I need to know the simplest way to ignore rows where Z_ServiceLedger.clientvisit_id has any Credentials.credentials lower in the hierarchy. So if an employee does a service and he has a Phd and a MA only return the lines for Phd and if he has a Phd an Ma and a BA only return the lines for phd.
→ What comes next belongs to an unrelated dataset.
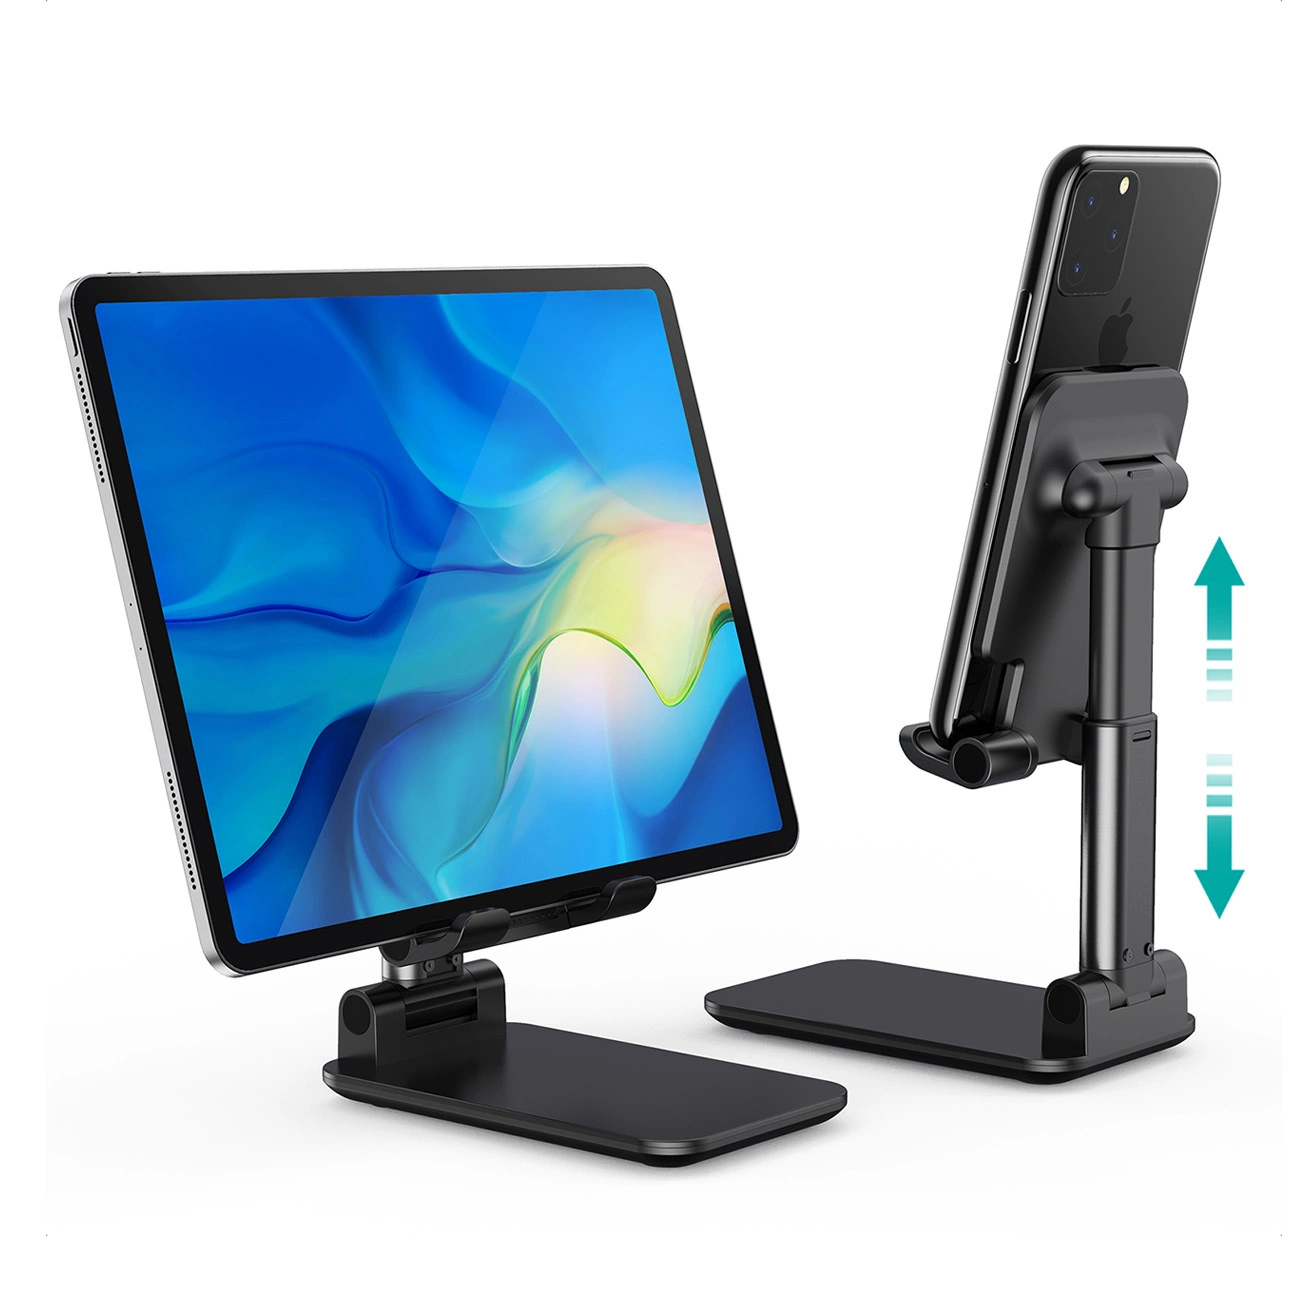 Choetech H88-BK foldable stand for a phone or tablet on a white background

We have around 50 credentials so if I use CASE for each credential you can see how mess that will get an I'm hoping there is a better way to avoid that.
Here is my current query:
SELECT DISTINCT
SUM(CASE WHEN v.non_billable = 0 THEN v.duration ELSE 0 END) / 60 AS billable_hours,
SUM(CASE WHEN (v.non_billable = 0 AND Z_ServiceLedger.payer_id = 63) THEN v.duration ELSE 0 END) / 60 AS billable_mro_hours,
Credentials.credentials
FROM
Z_ServiceLedger
INNER JOIN
ClientVisit v ON Z_ServiceLedger.clientvisit_id = v.clientvisit_id
LEFT JOIN
Employees ON v.emp_id = Employees.emp_id
LEFT JOIN
EmployeeCredential ON Employees.emp_id = EmployeeCredential.emp_id
LEFT JOIN
Credentials ON Credentials.credential_id = EmployeeCredential.credential_id
WHERE
v.rev_timein <= CASE
WHEN EmployeeCredential.end_date IS NOT NULL
THEN EmployeeCredential.end_date
ELSE GETDATE()
END
AND v.rev_timein >= #param1
AND v.rev_timein < DateAdd(d, 1, #param2)
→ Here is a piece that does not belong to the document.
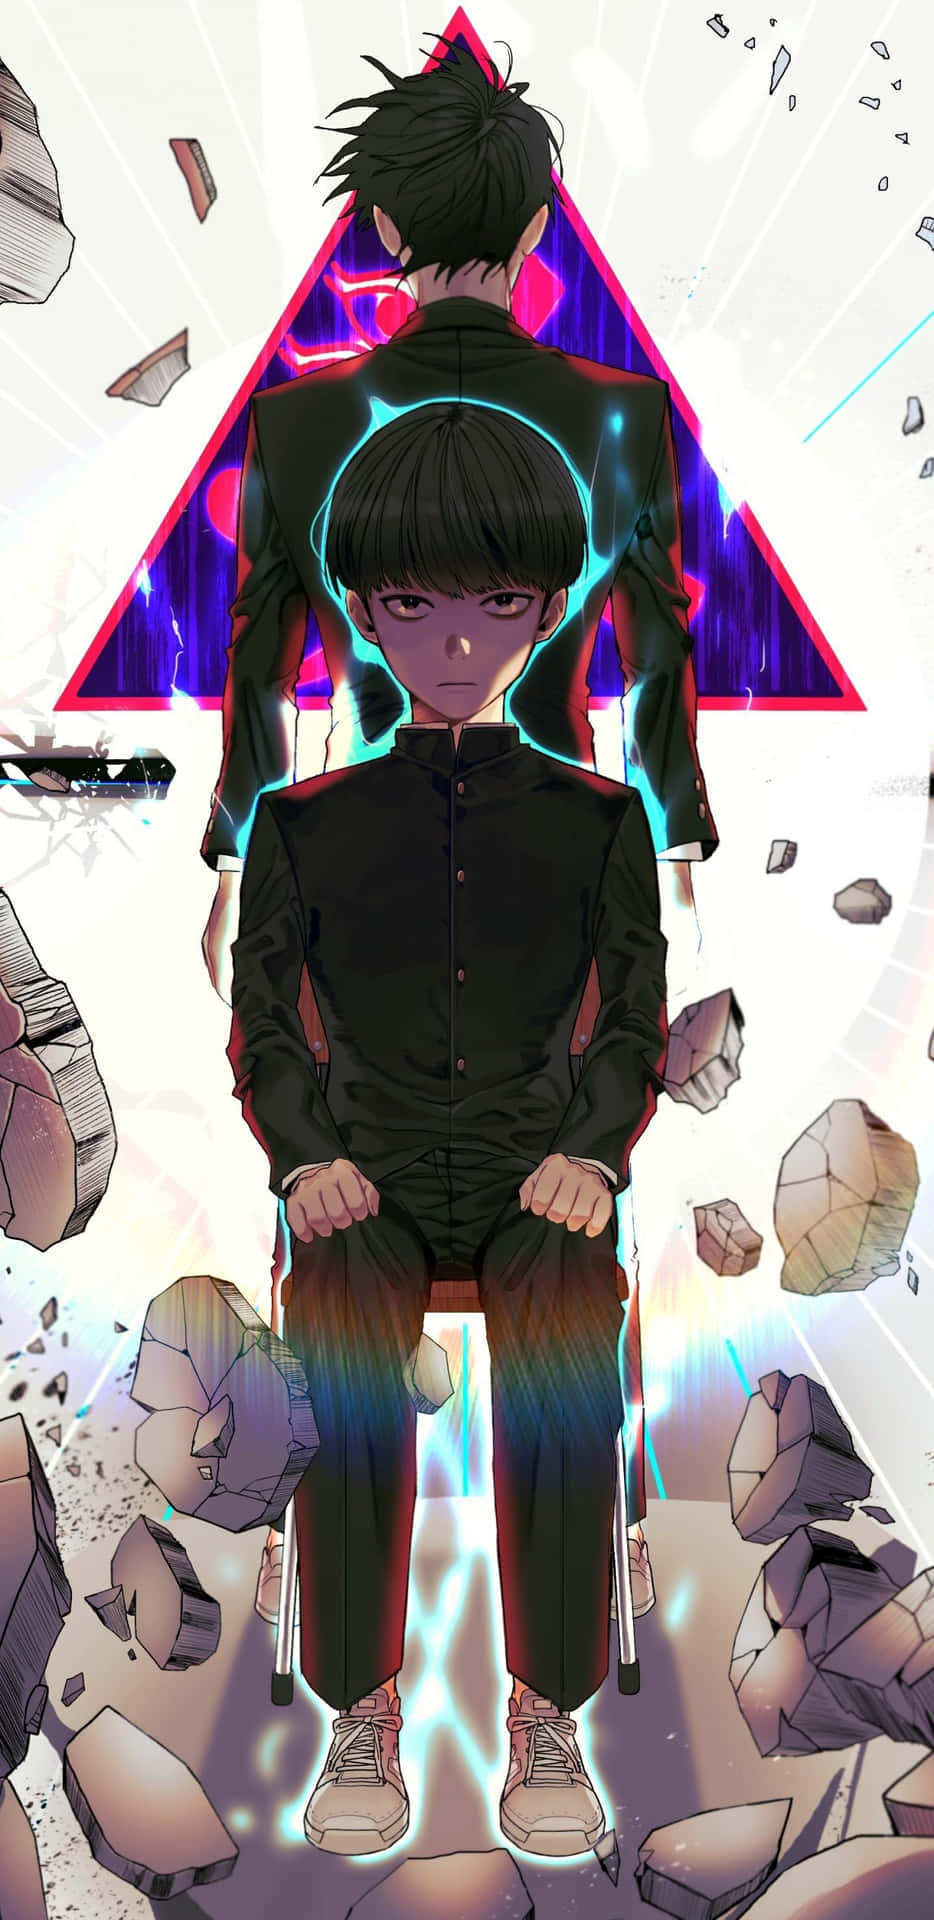 Shigeo Kageyama, also known as Mob, unleashing his psychic powers Wallpaper

AND Z_ServiceLedger.amount > 0
AND v.splitprimary_clientvisit_id IS NULL
AND v.gcode_primary_clientvisit_id IS NULL
AND v.non_billable = 0
AND v.non_billable = 'FALSE'
AND v.duration / 60 > 0
AND Z_ServiceLedger.action_type NOT IN ('SERVICE RATE CHANGE', 'CLIENT STATEMENT')
AND (EmployeeCredential.is_primary IS NULL OR EmployeeCredential.is_primary != 'False')
AND v.client_id != '331771 '
GROUP BY
Credentials.credentials,
v.non_billable
ORDER BY
Credentials.credentials
Some aliases and formatting really shed some light on some major logical flaws here. You have at least two predicates in your where clause that logically turn a left join into an inner join. This is total shot in the dark since from both of your questions today we don't have anything to actually work with for tables or sample data.
The biggest concern though is your where clause is trying to get rows v.non_billable = 0 and where it equals 'FALSE'. It can't be both.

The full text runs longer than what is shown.